→ Problem to work on:
In your copy, leave out the pictures and repeat the entries below exactly.

→ Input:
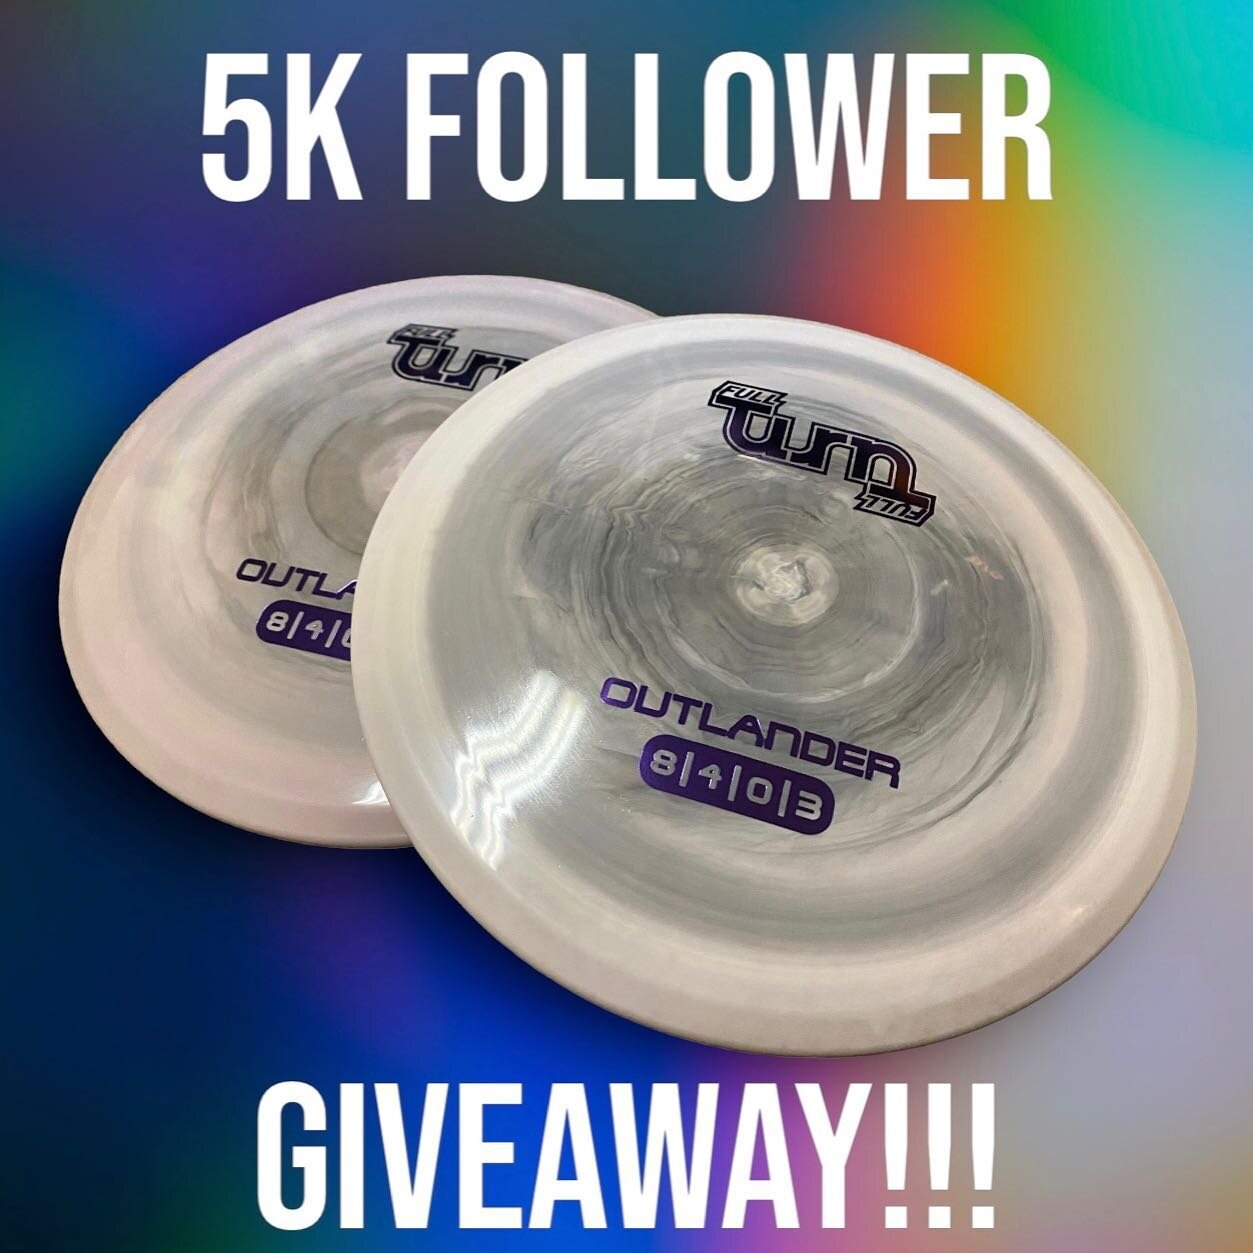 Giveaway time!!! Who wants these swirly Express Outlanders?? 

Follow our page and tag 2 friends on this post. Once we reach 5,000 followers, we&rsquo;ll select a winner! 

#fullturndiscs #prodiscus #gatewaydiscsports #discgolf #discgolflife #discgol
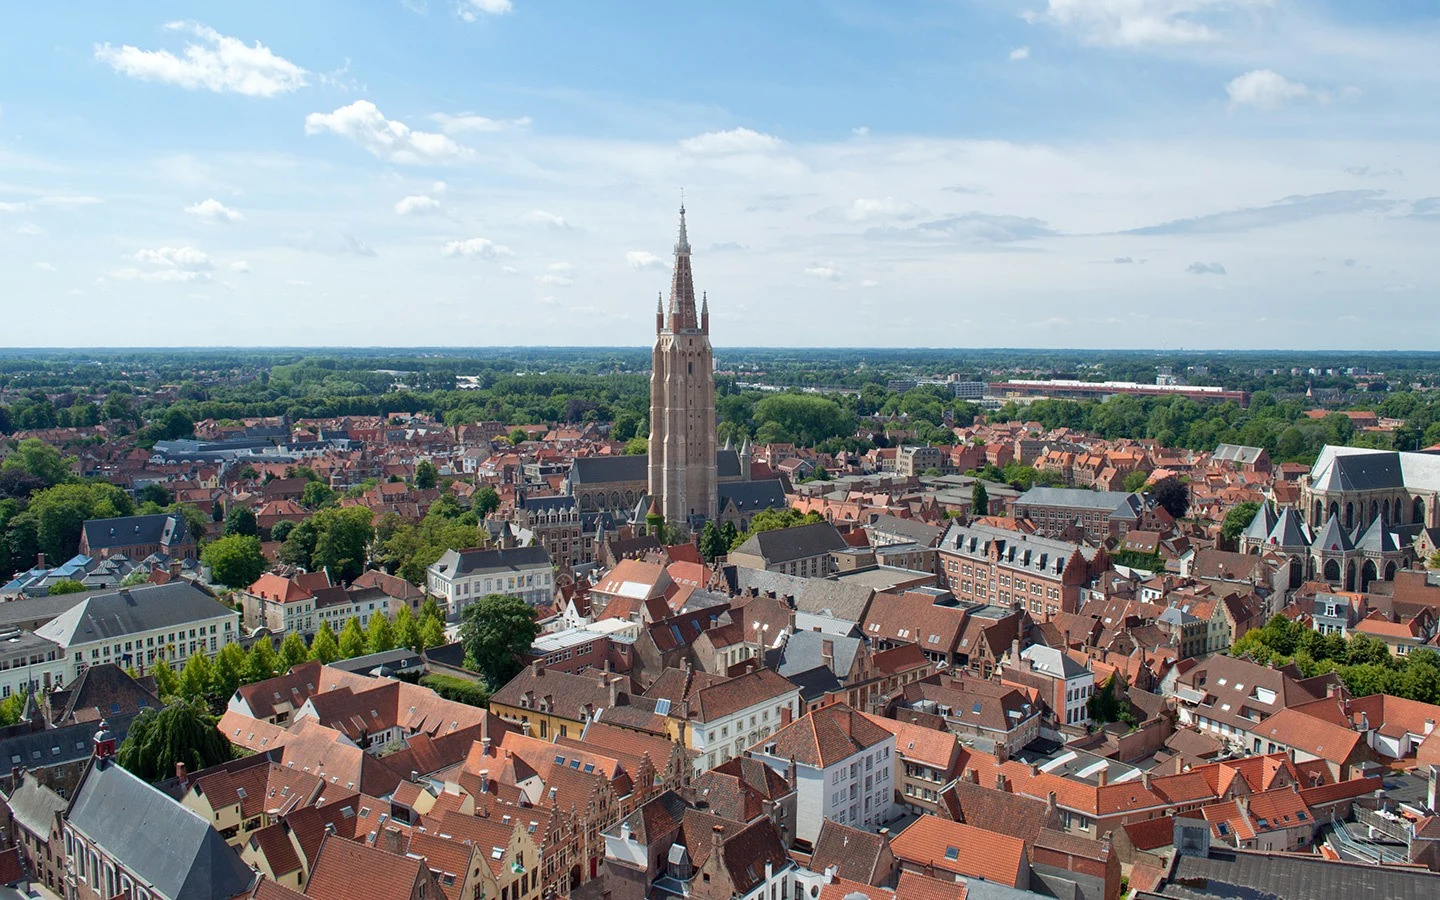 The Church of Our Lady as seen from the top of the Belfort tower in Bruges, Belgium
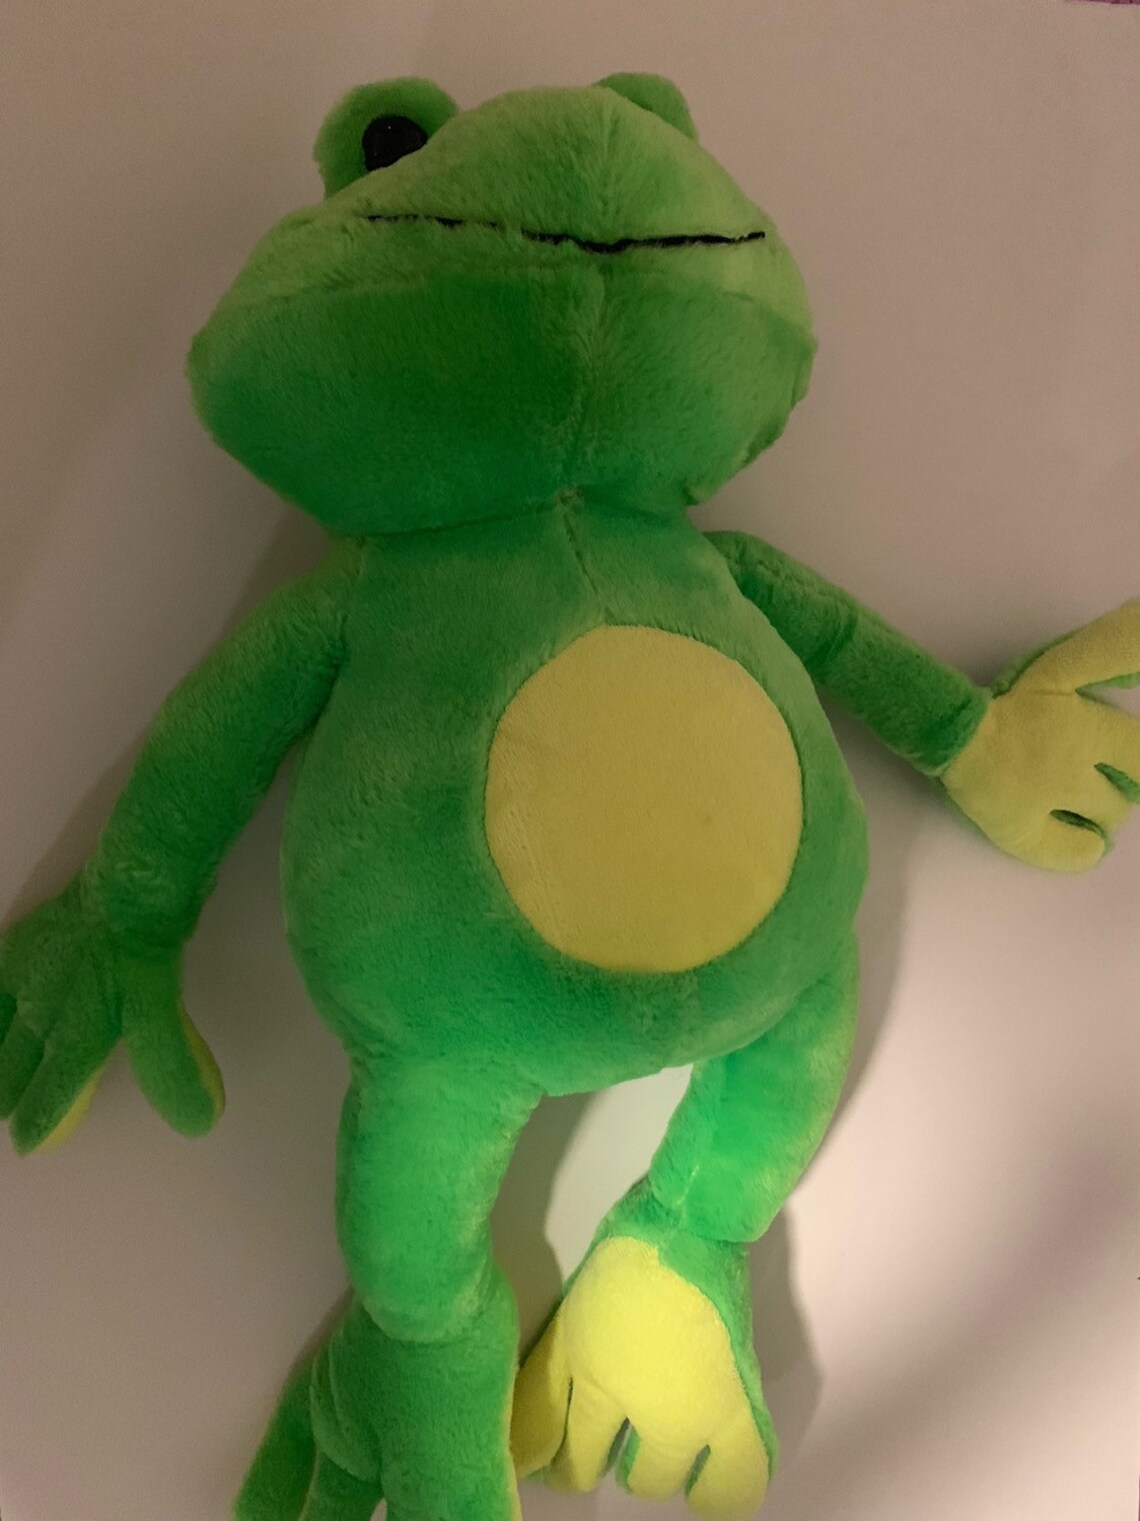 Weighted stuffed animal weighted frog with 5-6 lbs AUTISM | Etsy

→ Output of the exercise:
 Giveaway time!!! Who wants these swirly Express Outlanders?? 

Follow our page and tag 2 friends on this post. Once we reach 5,000 followers, we&rsquo;ll select a winner! 

#fullturndiscs #prodiscus #gatewaydiscsports #discgolf #discgolflife #discgol
 The Church of Our Lady as seen from the top of the Belfort tower in Bruges, Belgium
 Weighted stuffed animal weighted frog with 5-6 lbs AUTISM | Etsy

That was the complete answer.